Kristine Wylie said there were two keys to detecting divergent viral genomes. The first was a function of the assay design, which accounted for all known variation. In addition, the researchers tiled capture probes across the viral genomes to include highly conserved regions, which likely also enabled detection of genomes that shared little sequence homology to known viruses.
The second key is just a function of hybridization technology itself that allows for inexact matches, she said. "If we have a probe that's 100 bp, not every nucleotide needs to match," she said. "It allows us to be a little less stringent than PCR."
Todd Wylie added that bioinformatics techniques also enabled heterogeneous viruses to be captured with just a 200-mb panel.
The team also assessed how specific the panel was for viruses, as opposed to capturing and enriching for human or bacterial genomic information. They found that on average, about 5 percent to 6 percent of reads aligned to non-viral genomes. They attributed some of the off-target reads to the fact that the libraries had been handled by humans during the incubation, dilution, and amplification steps.
The ViroCap assay is publicly available and the researchers plan to update it periodically with new viral sequences.

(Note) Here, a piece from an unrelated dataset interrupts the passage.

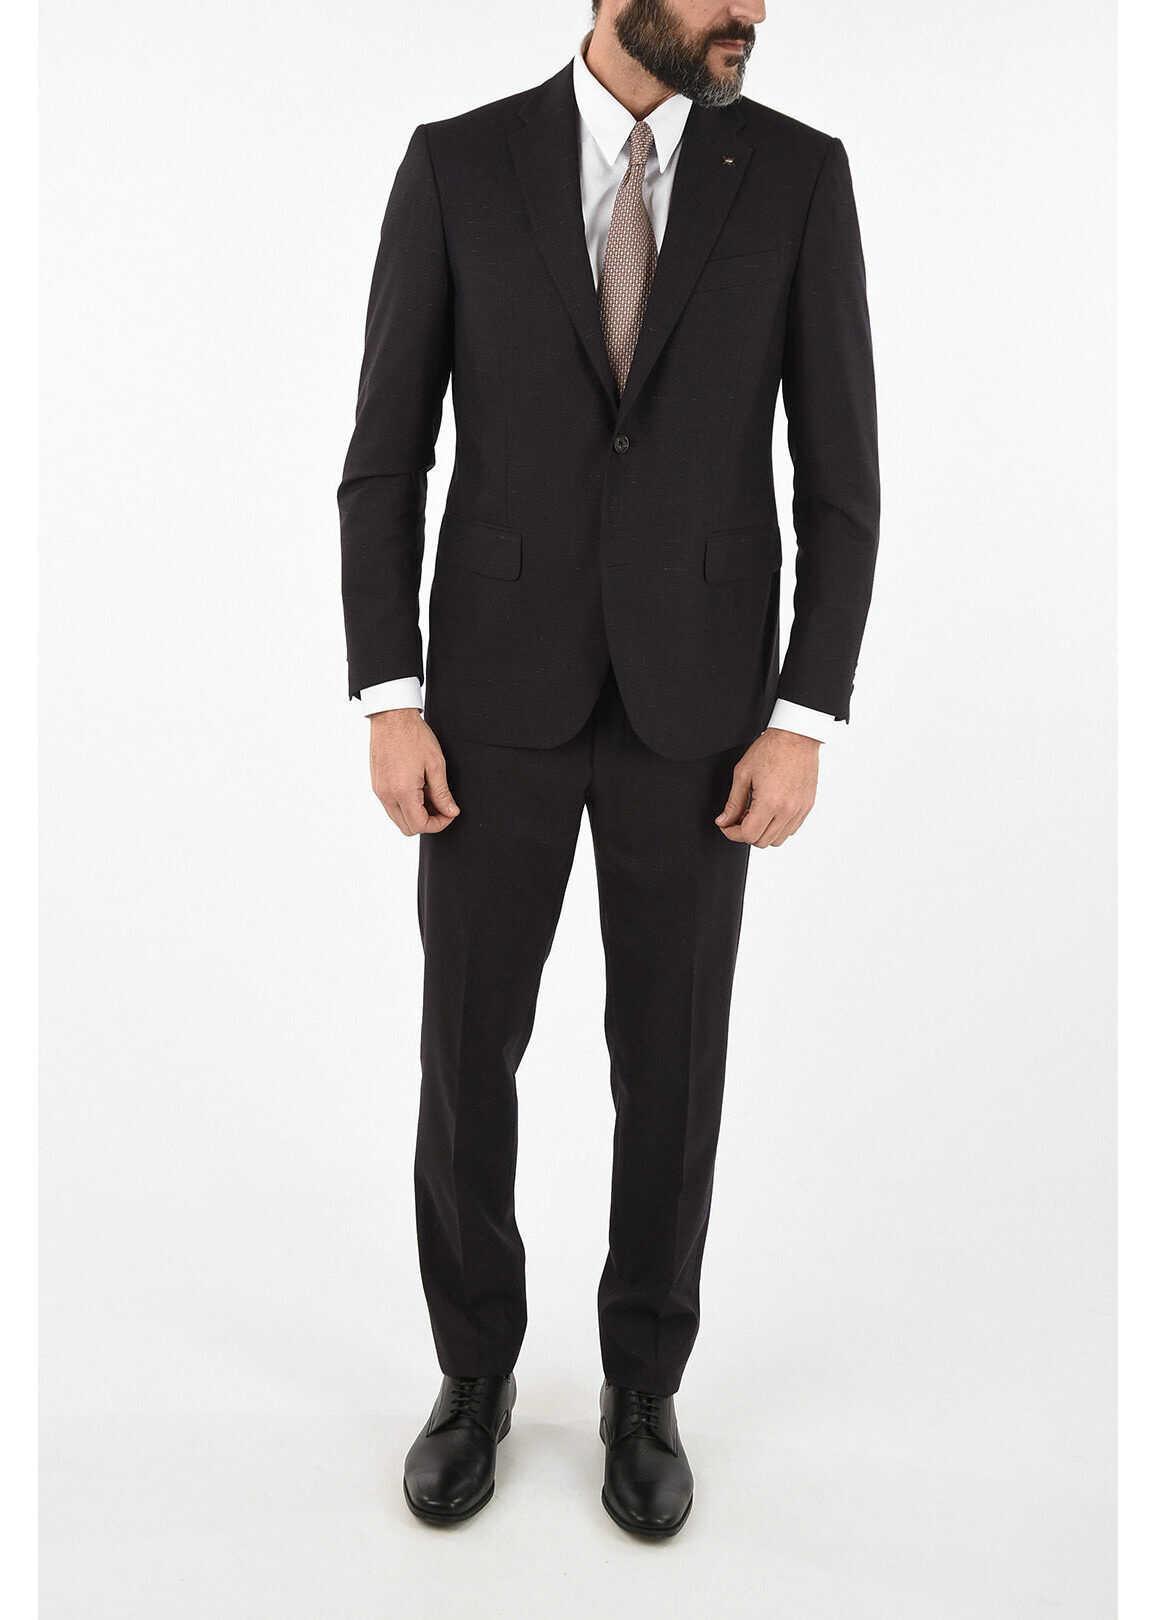 CORNELIANI CC COLLECTION side vent drop 7R 2-button RIGHT suit VIOLET imagine

The team does not plan to commercialize it.
In the future, the researchers plan to use the assay to continue supporting their clinical research studies, including a project to characterize the viromes of children in both developing and developed countries to see how they compare. "We're just starting to get a view of what a normal virome looks like," Kristine Wylie said. She added that one of the group's relatively surprising findings is that asymptomatic kids are "loaded with viruses."
Another potential avenue for the research would be to design more syndrome-specific panels. "We've cast a wide net with our panel," Todd Wylie said, but because the design of the panel is open access, researchers could "take a subset of that and make a much cheaper panel" — one that focuses on respiratory viruses, for instance.